Items listed in a dataset:
*** Block opens ***

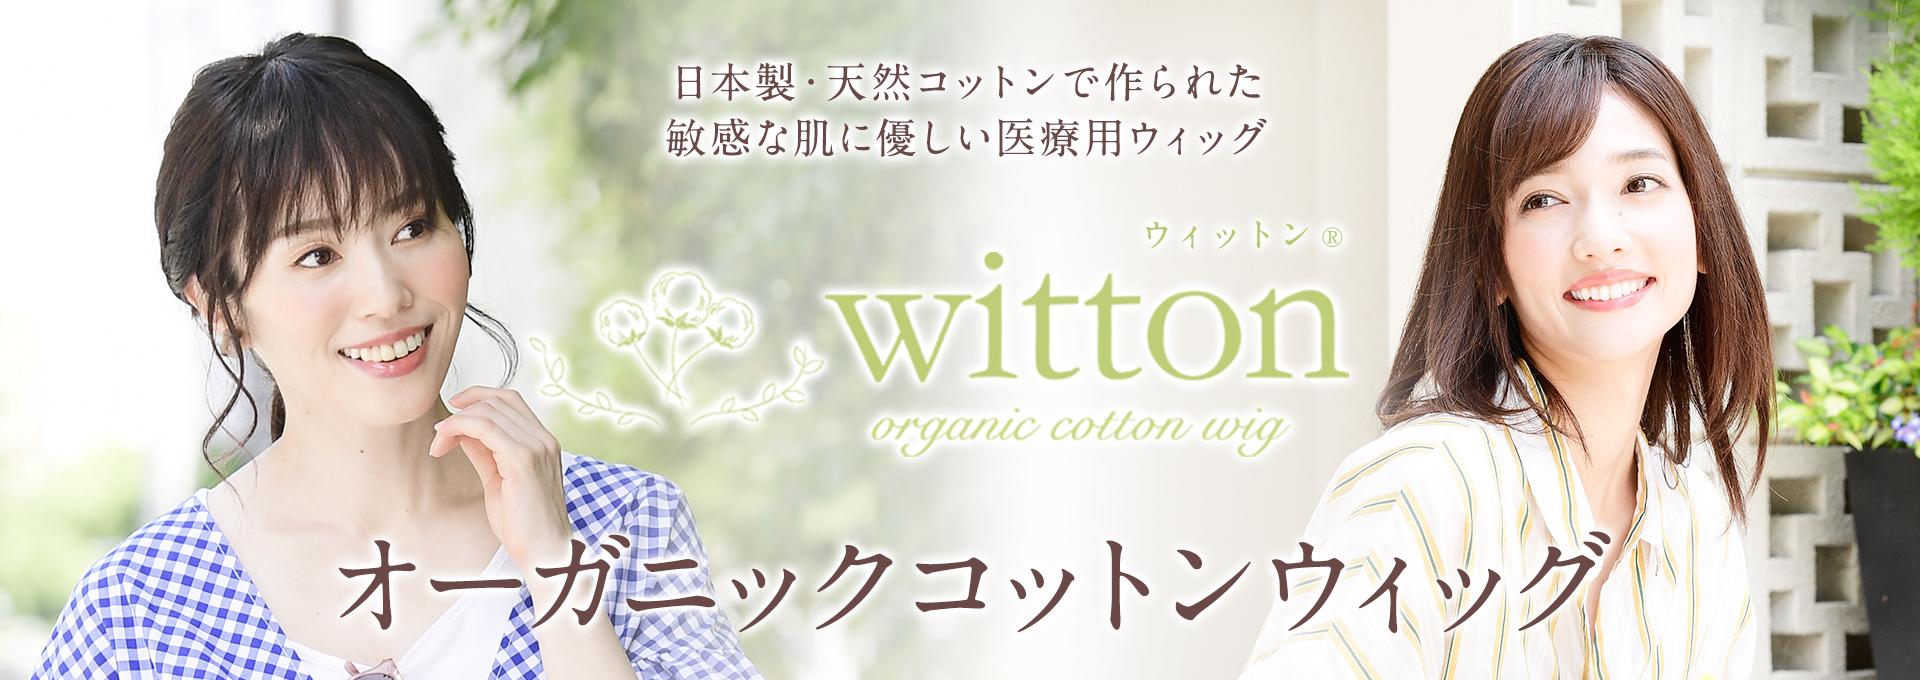 オーガニックコットンウィッグ 肌ストレスからあなたを開放する witton
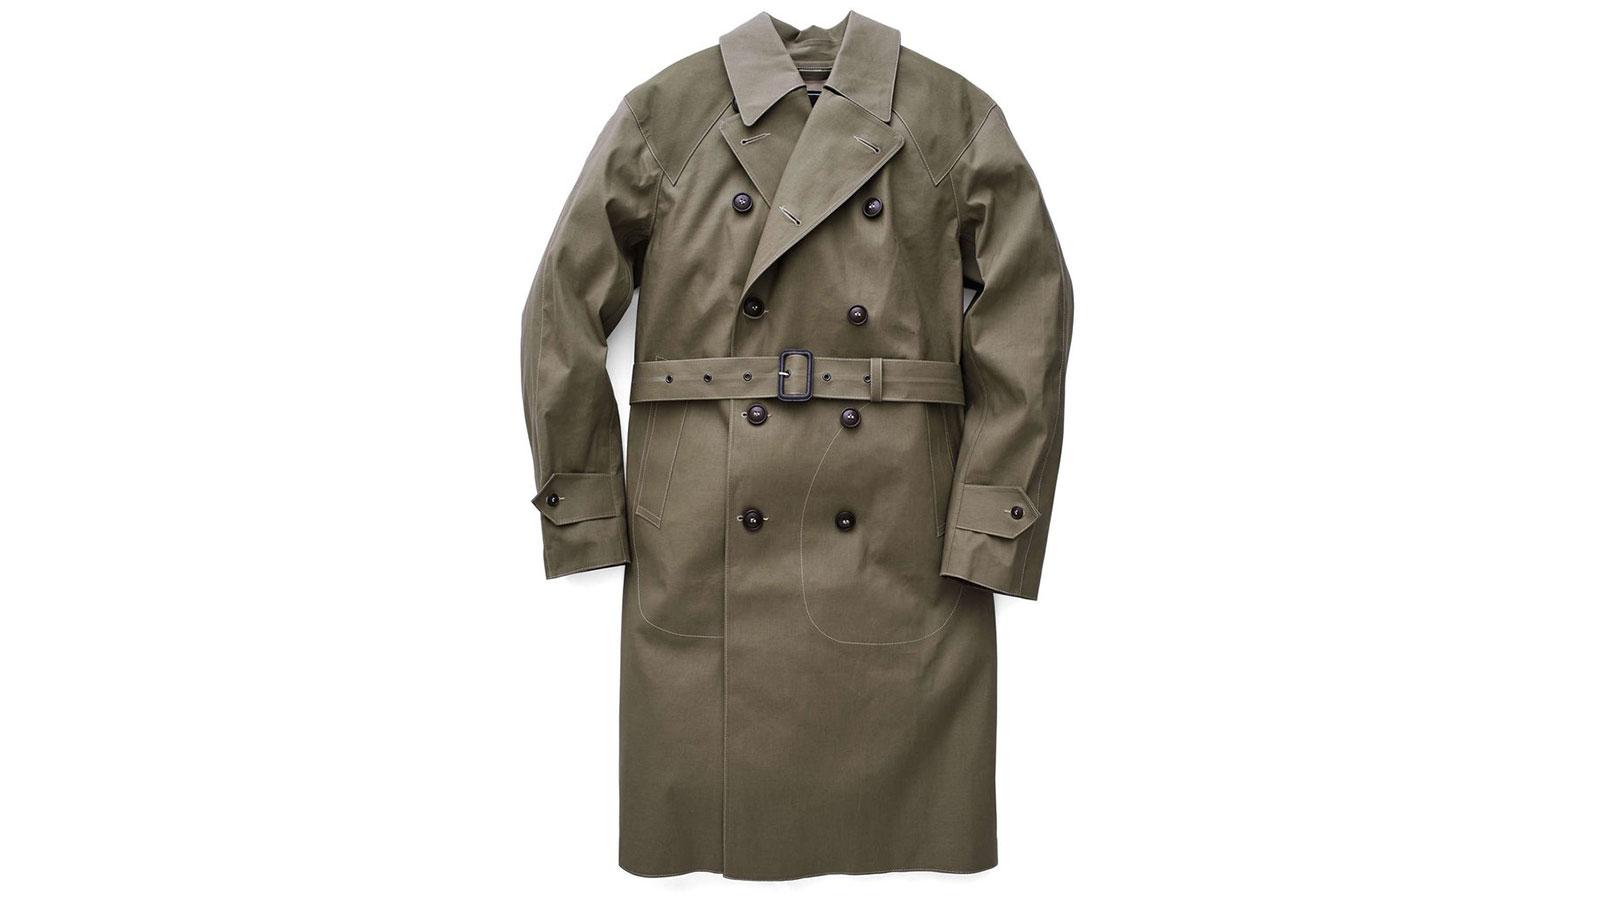 Todd Snyder Men's Trench Coats   The Best Men's Trench Coats
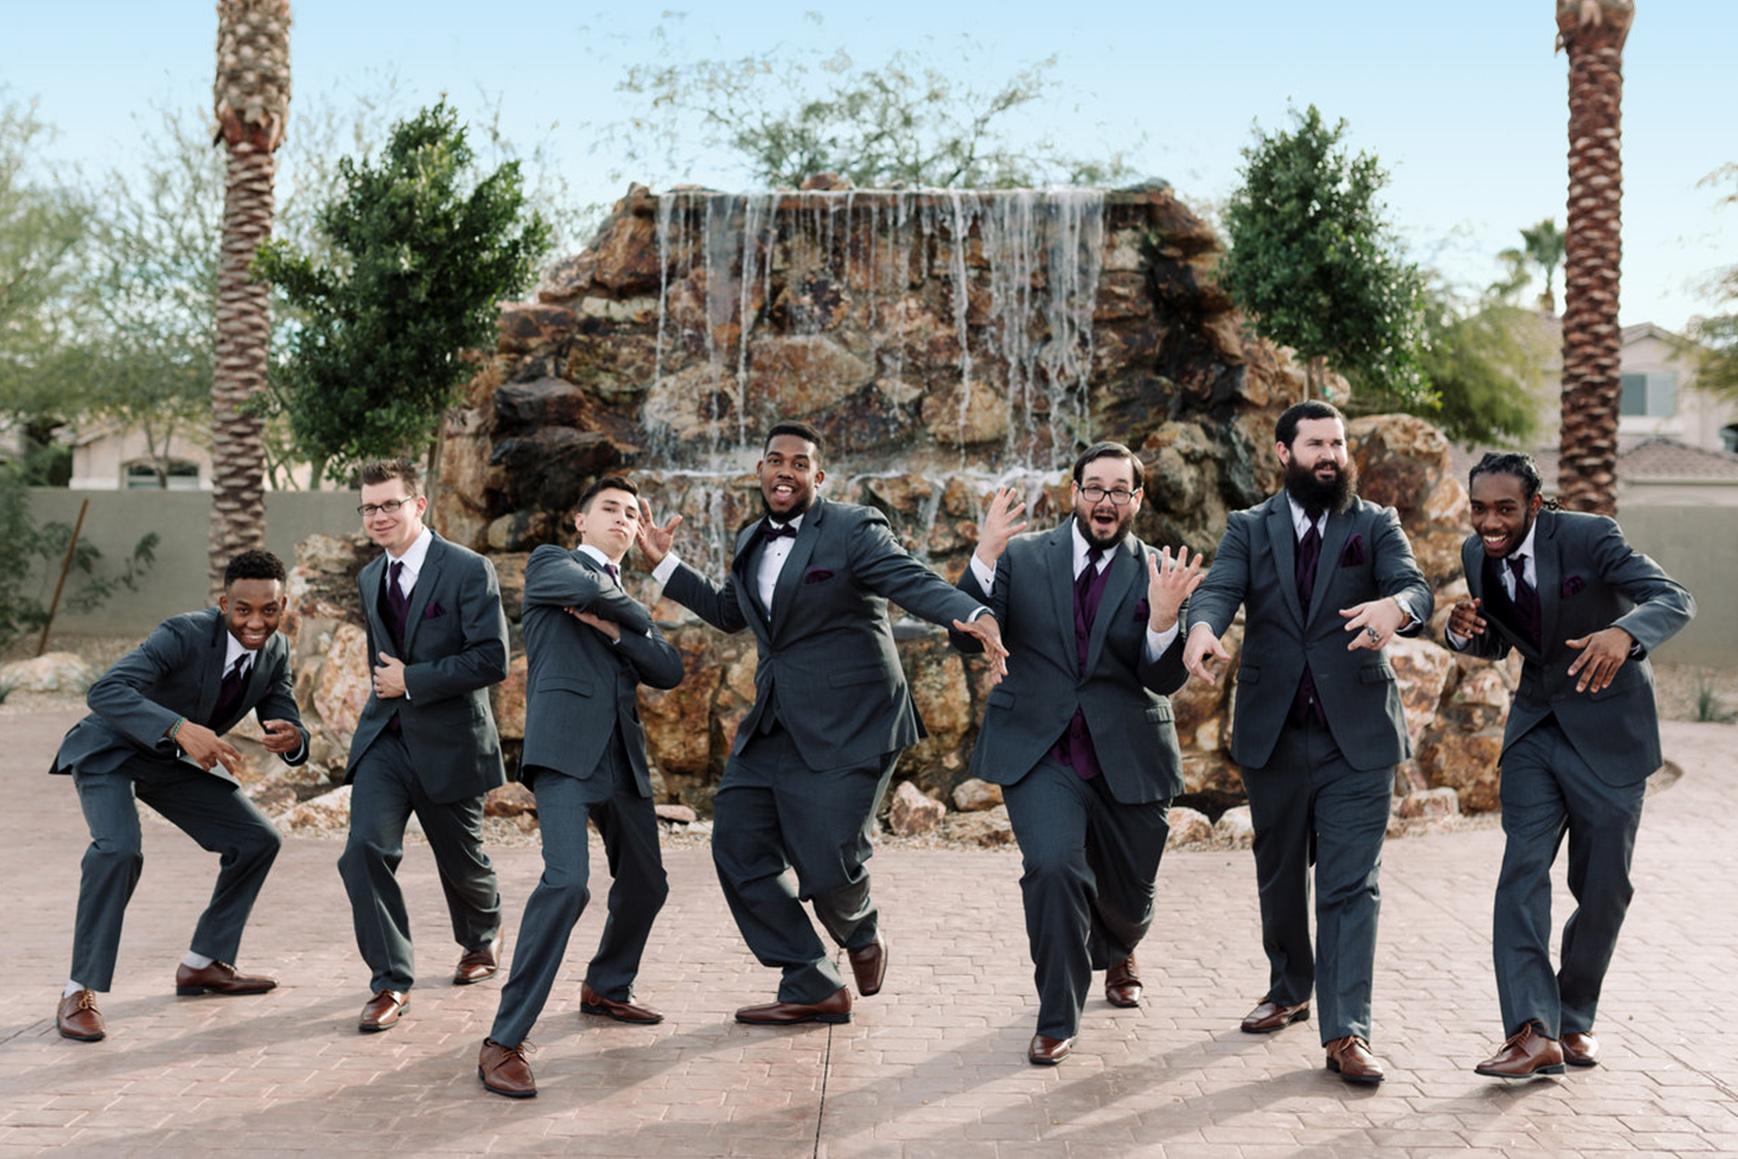 Groomsmen - Colby Falls - Gilbert, Arizona - Maricopa County - Wedgewood Weddings
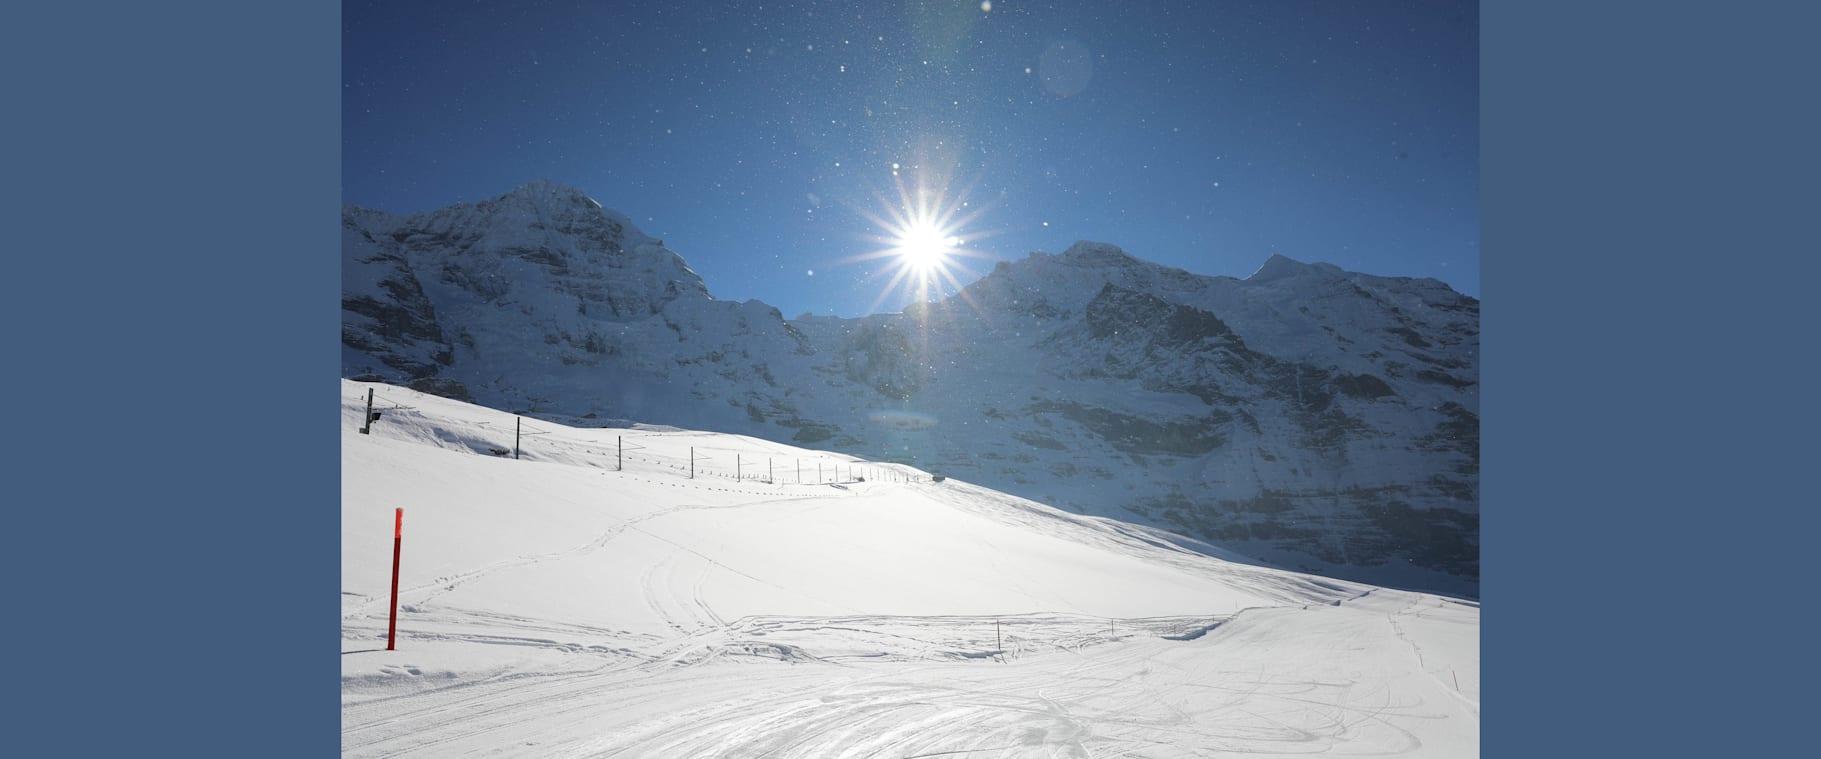 Ideale Wintersportverhaltnisse in Grindelwald und Wengen im Hintergrund Monch Jungfrau und Silberhorn
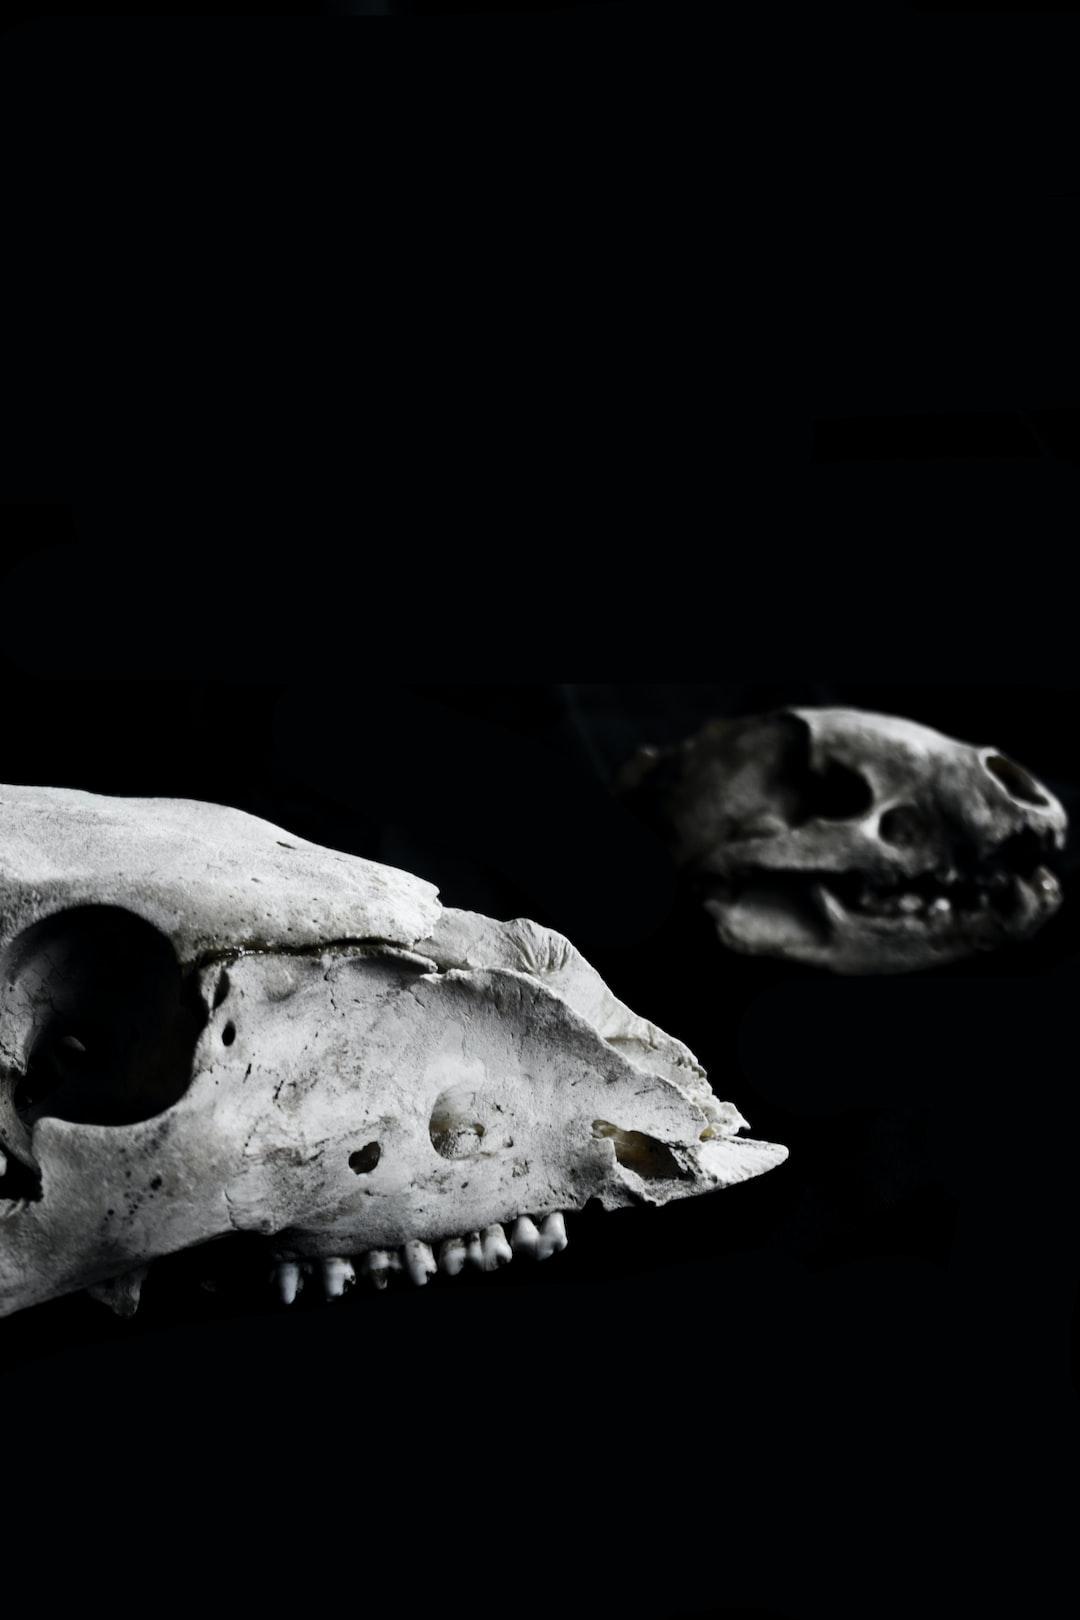 二叠纪末发生的大灭绝原因假说

*** Block closes ***

• Problem statement:
Repeat exactly the line containing "Ideale Wintersportverhaltnisse in" and every line after it through the end of the records, and nothing else. Leave the pictures out.

• Solution for this exercise:
 Ideale Wintersportverhaltnisse in Grindelwald und Wengen im Hintergrund Monch Jungfrau und Silberhorn
 二叠纪末发生的大灭绝原因假说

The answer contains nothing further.